For good localization in time, use a short window T for Fourier methods (for wavelet transforms, analyse with small-scale—high frequency—wavelets). When you do this, you increase the frequency sampling interval, so you lose frequency resolution. Because of this sampling, you cannot tell exactly what frequency a signal is (±1/2T), and you cannot discriminate similar frequencies (closer than 2/T).

For good localization in frequency, use a long window (or analyse with large-scale wavelets). When you do this, you decrease the frequency sampling interval and get better frequency resolution, but the long window results in poor time localization.

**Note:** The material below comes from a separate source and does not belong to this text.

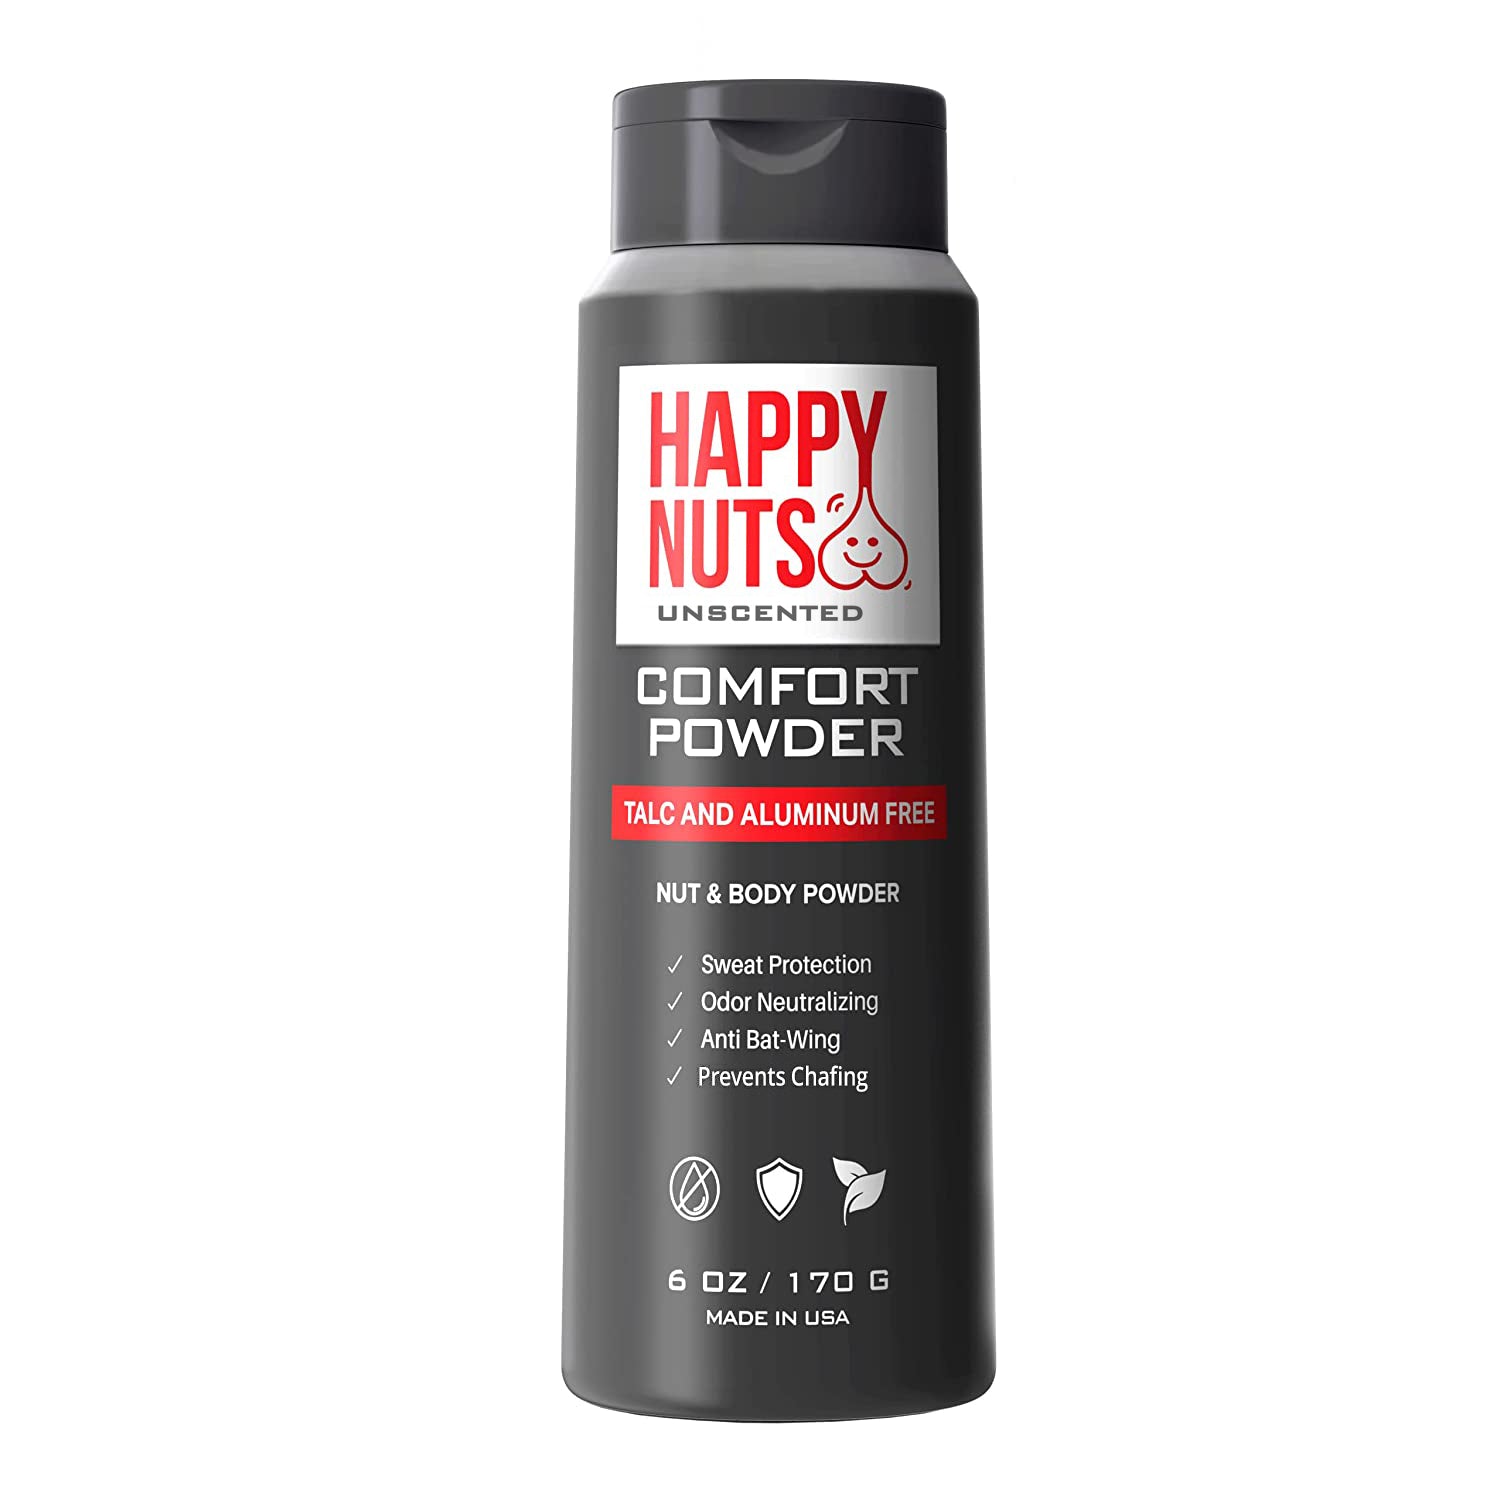 Happy Nuts Comfort Powder, Deodorizing, Anti-Chafing Body Powder for Men, Natural, Vegan, Unscented, 6 oz, Size: 6 oz / 170 G

Regardless of Fourier windows or wavelet scales, short-lived signals have wide spectral peaks and thus poor frequency localization. Only long-lived signals have narrow spectral peaks and correspondingly good frequency localization. This is the essence of Gabor’s uncertainty principle.

References

  1. Marfurt, K. and Kirlin, R. [2001]. Narrow-band spectral analysis and thin-bed tuning. Geophysics 66, 1274–1283.
  2. Partyka, G., Gridley, J. and Lopez, J. [1999]. Interpretational applications of spectral decomposition in reservoir characterization. The Leading Edge 18, 353–360.
  3. Castagna, J., Sun, S. and Siegfried, R. [2003]. Instantaneous spectral analysis: Detection of low-frequency shadows associated with hydrocarbons. The Leading Edge 22, 127–129.
  4. Castagna, J. and Sun, S. [2006]. Comparison of spectral decomposition methods. First Break 24 (3), 75–79.
  5. Heisenberg, W. [1927]. Über den anschaulichen Inhalt der quantentheoretischen Kinematik und Mechanik, Zeitschrift für Physik, 43, 172–198. English translation: Quantum Theory and Measurement, J. Wheeler and H. Zurek [1983]. Princeton University Press, Princeton.
  6. Gabor, D. [1946]. Theory of communication. Journal of the Institute of Electrical Engineering, 93, 429–457.
  7. Stockwell, R. [1999]. S-transform analysis of gravity wave activity from a small scale network of airglow imagers. PhD thesis, University of Western Ontario, London, Canada.
  8. Hubbard, B. [1998]. The world according to wavelets: the story of a mathematical technique in the making. A.K. Peters, Natick.
  9. Stockwell, R., Mansinha, L. and Lowe, R. (1996). Localization of the complex spectrum: the S transform. Institute of Electrical and Electronic Engineers Transactions on Signal Processing 44, 998–1001.